Filantropia pani Gates
"Kontrola urodzeń i dezinformacja. Ryzyko filantropii" - pod takim tytułem watykański dziennik "L’Osservatore Romano" krytykuje żonę założyciela Microsoftu, Billa Gatesa, Melindę, która ogłosiła, że prowadzona przez nich fundacja przeznaczy w ciągu ośmiu lat 450 mln euro (ponad miliard złotych) na poszukiwania nowych technik antykoncepcji, poprawę informacji na jej temat i upowszechnienie środków antykoncepcyjnych w krajach najuboższych, z afrykańskimi na czele.
W wypowiedzi dla telewizji CNN Melinda Gates zaznaczyła, że jako katoliczka uważa za swój obowiązek danie kobietom lepszego dostępu do antykoncepcji. Zaś w wywiadzie dla dziennika "Guardian" dodała, że jako wierząca ma świadomość, iż te 450 mln euro stanie się wyzwaniem dla hierarchii kościelnej.
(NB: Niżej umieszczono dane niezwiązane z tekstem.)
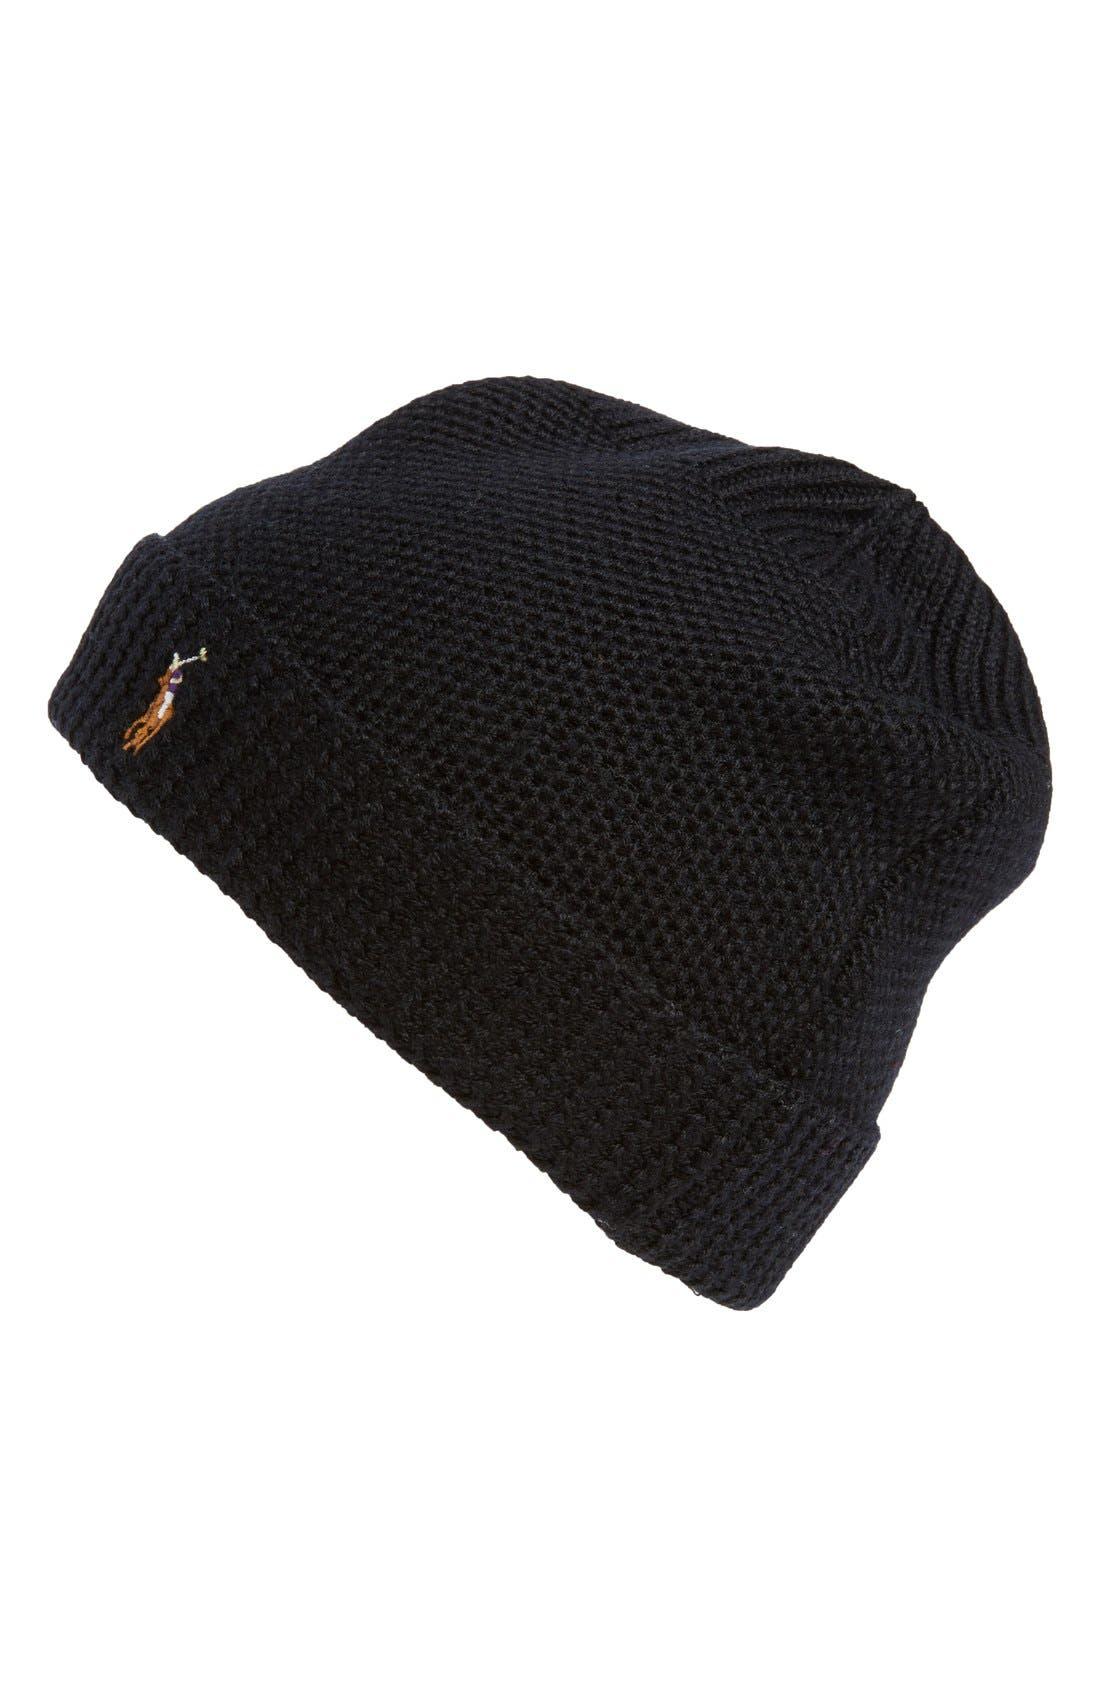 Merino Wool Beanie,                             Main thumbnail 1, color,                             Polo Black

Na łamach "L’Osservatore Romano" Giulia Galeotti zauważa, że amerykańska filantropka strzela na oślep, posługując się stereotypami, iż "sprzeciwiając się prezerwatywom, Kościół pozwala umrzeć kobietom i dzieciom z powodu mizoginicznego nieprzejednania". Takie podejście Galeotti uważa za "bezpodstawne i prostackie".
Przypomina, że Kościół opowiada się za "naturalną regulacją płodności", której metody oparte są na "wskazaniach dawanych przez ciało". O tym, że są to konkretne i skuteczne sposoby, przekonuje metoda owulacyjna małżeństwa Johna i Evelyn Billingsów, którą zainteresował się nawet komunistyczny rząd w Pekinie, gdyż nic nie kosztuje, nie szkodzi zdrowiu kobiety i jest uważana za zabezpieczającą przed poczęciem w 98 proc.
Zdaniem Galeatti, podstawowym "grzechem" metody Billingsów jest jej całkowita darmowość, co nie może się podobać koncernom farmaceutycznym, które osiągają olbrzymie zyski ze sprzedaży chemicznych środków antykoncepcyjnych. "Co zresztą będzie się dalej działo dzięki filantropii pani Gates" - dodaje komentatorka watykańskiego dziennika.
O podobną politykę dezinformacji oskarża ona także koncern Nestlé, który poprzez "presję psychologiczną" wywieraną za pośrednictwem kampanii reklamowych wmawia afrykańskim kobietom, że karmienie piersią ich nowo narodzonych dzieci jest barbarzyńskie, zaś "nowoczesne i cywilizowane" jest kupowanie dla nich mleka w proszku, sprzedawanego przez ten właśnie koncern.
Jak informuje portal LifeNews.com, Bill & Melinda Gates Foundation w latach 1998-2006 przekazała na największą amerykańską organizację proaborcyjną Planned Parenthood 12 mln dolarów. Z kolei International Planned Parenthood, propagująca aborcję w krajach Trzeciego Świata, otrzymała w tym czasie od fundacji 21 mln dolarów.